Truveta recently won the SXSW Innovation Award for Artificial Intelligence, which recognized the groundbreaking work we have been doing to apply modern generative AI technology to healthcare data and analytics. This comes just a little under a year after our announcement sharing more details about  the Truveta Language Model and its use in normalization and mapping of unstructured data in electronic health records (EHR) for enabling cutting-edge clinical research. These achievements would not have been possible without the incredible efforts of the entire Truveta team who have worked tirelessly to further our mission of Saving Lives with Data.
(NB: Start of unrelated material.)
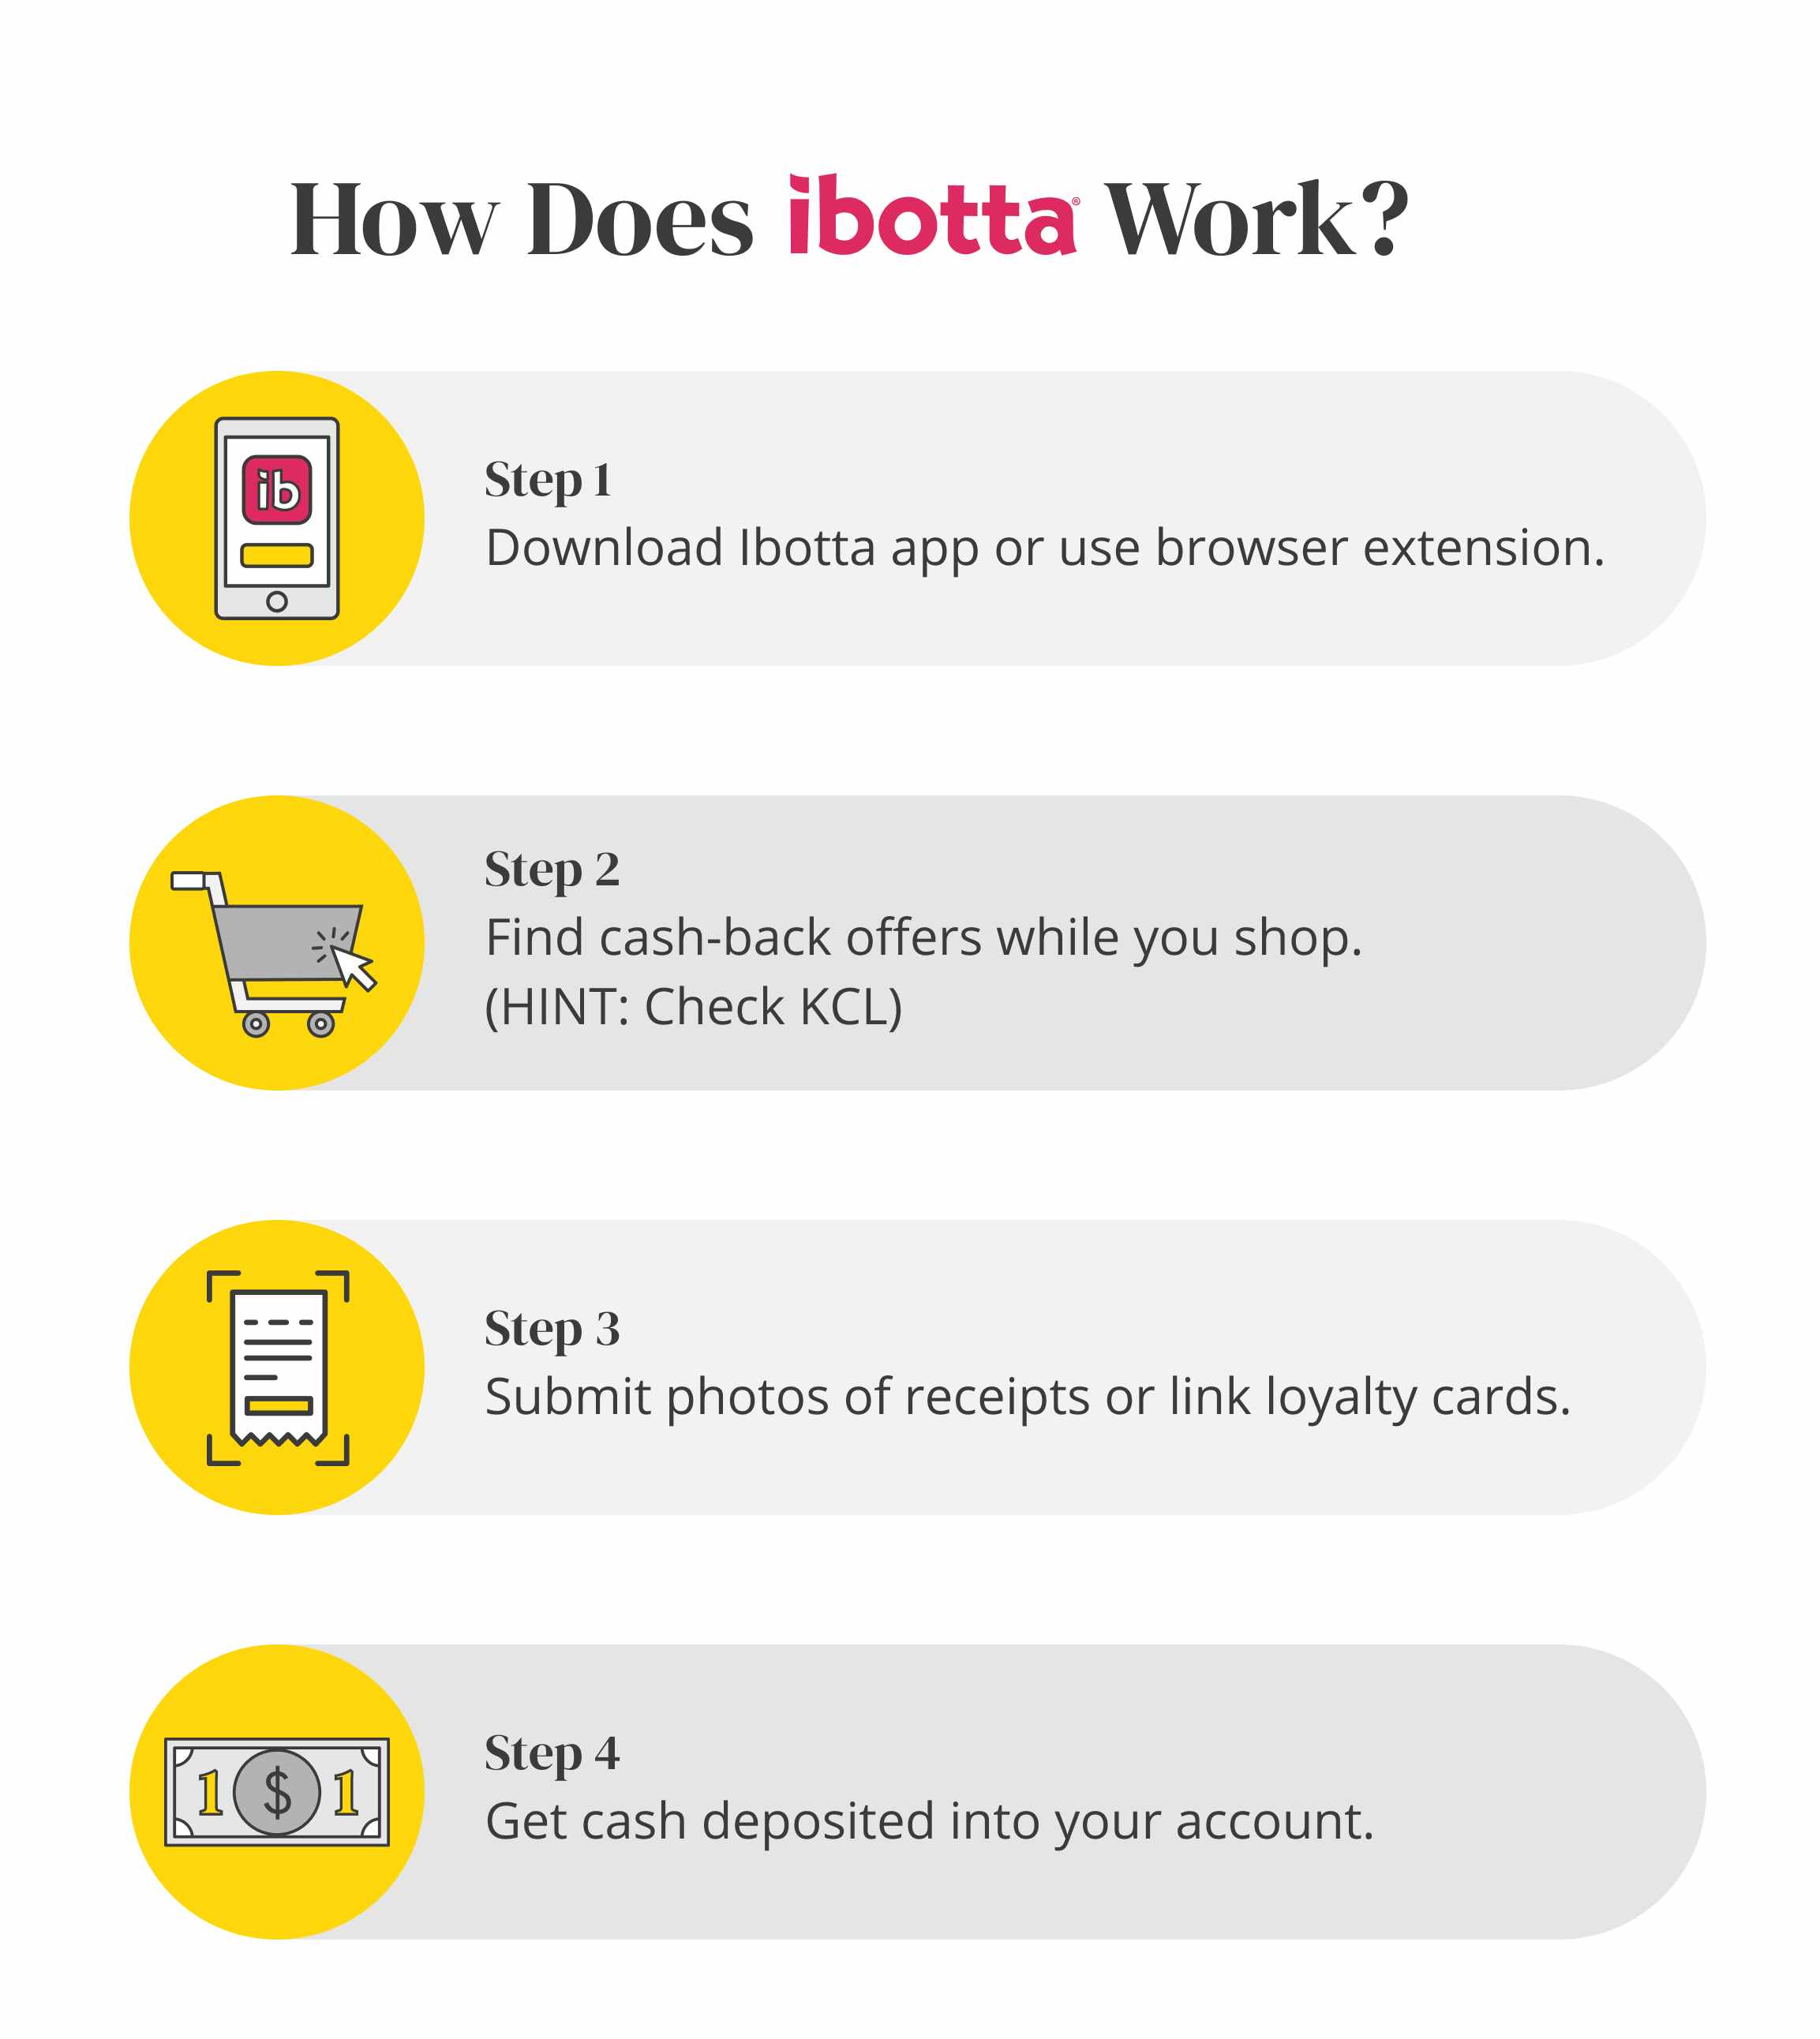 How Does Ibotta Work? Here are the four easy steps for downloading the app, finding offers, submitting receipts, and getting rebates.

This has been an exciting and eventful journey that has given us many crucial insights and taught us how to avoid potential pitfalls. In my conversations with industry colleagues, I am often asked to share our learnings. So, I thought it would be worthwhile to write a series of articles capturing the arc of our AI journey.

Six challenges

Our AI journey is the story of six fundamental engineering challenges and our approach to solving them. In subsequent articles, I hope to delve deeply into each area and give you a more detailed account of how Truveta has applied AI to deliver a range of solutions for customers.  We had to innovate and think outside the box. We had to bring the mindset of a challenger rather than an incumbent because most existing solutions and frameworks did not sufficiently serve customers’ needs. Not everything we tried worked, and there were many twists, turns, and cul-de-sacs. Fortunately, we eventually converged on a strategic approach that we believe will be the foundation for our future growth. Failing fast and learning fast is the only reliable way to innovate, and we will continue to be loyal to that creed.

Creating data gravity

How to generate and sustain data gravity in a consortium of healthcare data

Our mission is Saving Lives with Data. We wanted to create an AI-driven data and analytics solution for life science and pharmacological enterprises that will further humankind’s most profound aspiration: enabling high-quality and timely healthcare for all. We aimed to serve the needs of all people, including underserved communities. We wanted to gather data from diverse health systems across the country and make it available for research. When we brought this data together, we needed to aim not just for quantity, but also for completeness and representativeness.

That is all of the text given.